Guildford, UK, 12 March 2010: ReNeuron Group plc (LSE: RENE.L) announced on 22 February 2010 that it had raised approximately £4.7 million, before expenses, from existing and new institutional and qualifying individual shareholders via a placing (the “Placing”) of 94,400,000 new ordinary shares of 1 pence each (“Ordinary Shares”) credited as fully paid up, at a price of 5 pence per Ordinary Share (the “Placing Shares”).

ReNeuron Group plc today announces that the shareholder approvals necessary to permit the Placing to proceed were given at a General Meeting of the Company held earlier today, where all resolutions proposed were passed by the necessary majorities.

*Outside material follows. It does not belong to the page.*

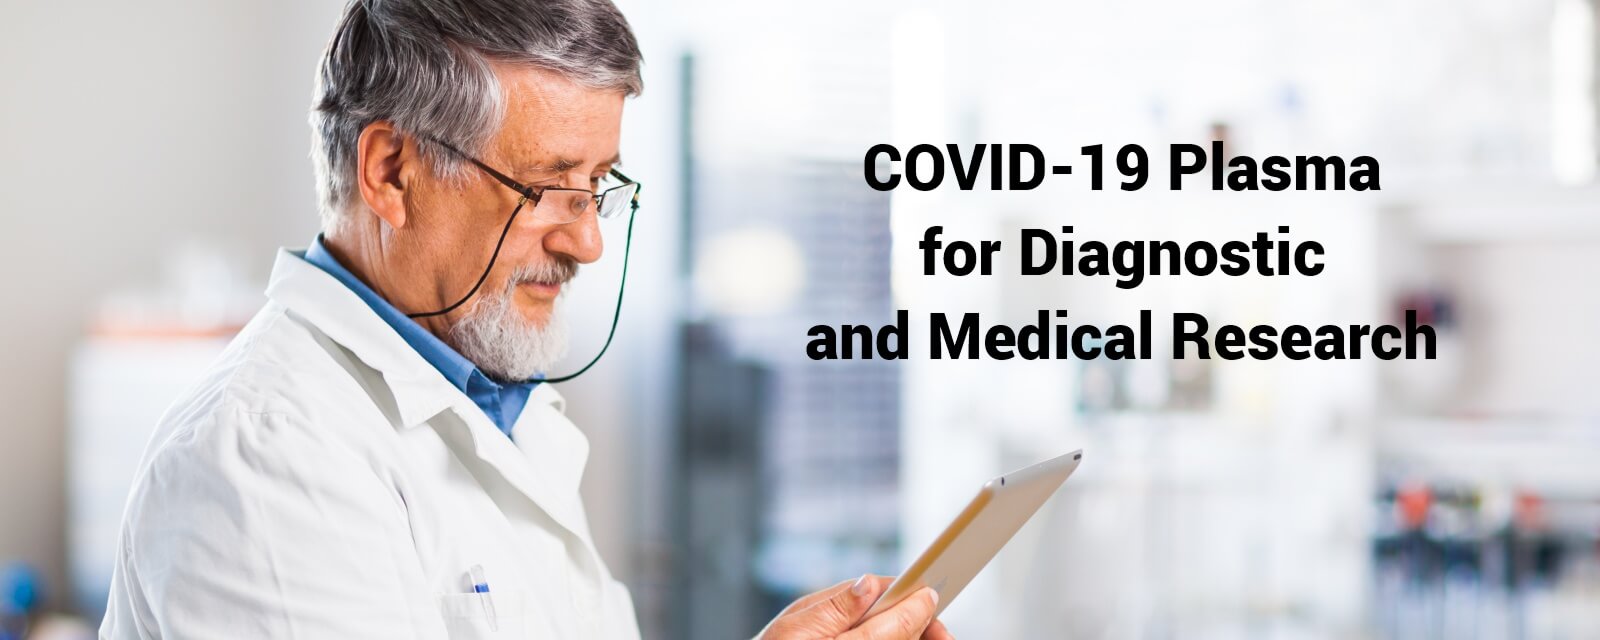 Medical researcher studying COVID-19 plasma results

To enable certain placees to take advantage of Venture Capital Trust and Enterprise Investment Scheme tax treatment, the Placing comprises two closings and admissions of Ordinary Shares to trading on AIM. The first closing and admission of 16,800,000 of the Placing Shares (“the First Admission Shares”) is expected to occur on 18 March 2010 and the second closing and admission of 77,600,000 of the Placing Shares is expected to occur on 19 March 2010.

Pursuant to the first closing and admission, the First Admission Shares were today allotted, subject only to admission. Application for admission of the First Admission Shares to trading on AIM has been made.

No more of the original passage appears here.